Use http_jar instead of rules_jvm_external to download bundletool
So coincidentally I'm about to add another dependency to maven_install (com.android.tools.build:gradle:8.0.1 for R8 integration) which has a number of transitive dependencies, so in the end I think we'll need to keep maven_install.
I also noticed that bundletool has a number of dependencies too (https://maven.google.com/web/index.html?q=bundle#com.android.tools.build:bundletool:1.6.1), e.g. dagger, autovalue, guava, proto, etc -- are these not needed to run the tool?
So coincidentally I'm about to add another dependency to maven_install (com.android.tools.build:gradle:8.0.1 for R8 integration) which has a number of transitive dependencies, so in the end I think we'll need to keep maven_install.
Would be great to avoid using it if we can at least for externally facing tools. We've found that it's generally less performant than just using an http_jar, especially as you add more maven dependencies. You can mitigate this by generating lock files, but this isn't user-friendly outside of the rules development context.
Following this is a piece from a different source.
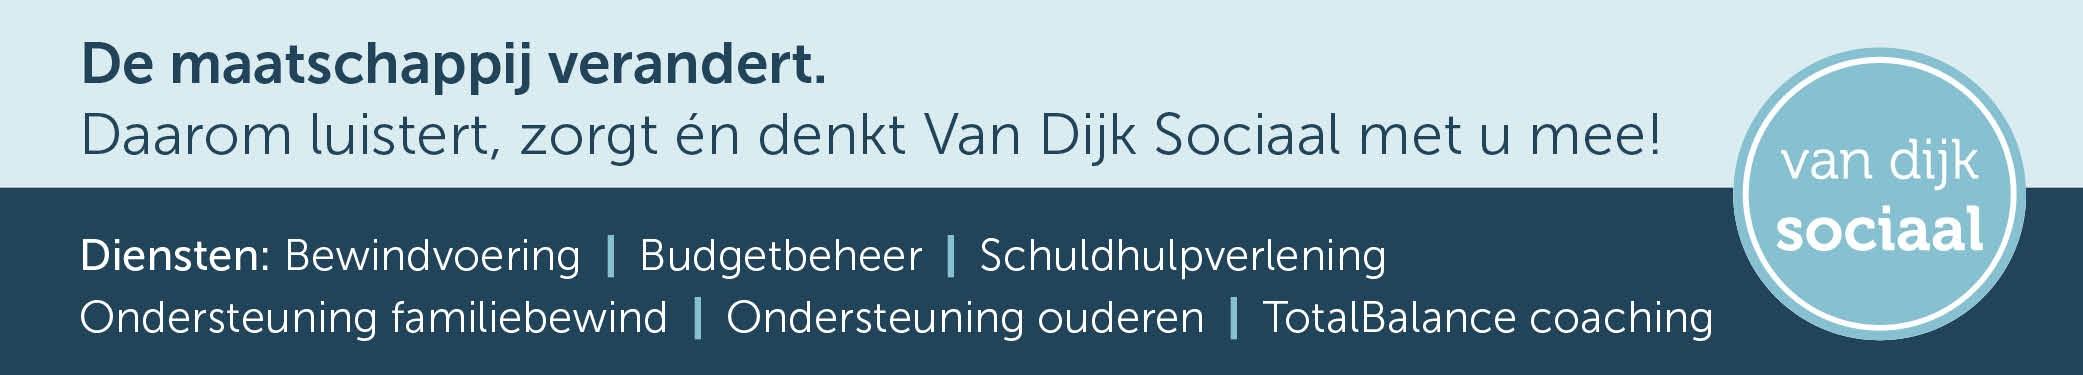 Van Dijk Sociaal

It's also a lot easier to do overrides with --override_repository when these dependencies are pulled as a maybe of http_jar than having to override a complex repository made by rules_jvm_external. This has been especially useful for us in the android_tools where we can upgrade r8/d8 independently of what's bundled into Bazel inside our own WORKSPACE file. Ex:
http_jar(
name = "android_gmaven_r8",
sha256 = "sha goes here",
url = "http url to the jar goes here",
)
Being able to do this for tools like bundletool would be especially useful and would put less burden on rules_android to track updates of https://github.com/google/bundletool, or have to roll rules_android releases with minor app bundle updates.
http_jar(
name = "bundletool",
...
)
I also noticed that bundletool has a number of dependencies too (maven.google.com/web/index.html?q=bundle#com.android.tools.build:bundletool:1.6.1), e.g. dagger, autovalue, guava, proto, etc -- are these not needed to run the tool?
The all-jars downloaded from Github have everything compiled in that's needed to be able to execute as a CLI tool. And it's what we've been using in our builds for the past year to support app bundles.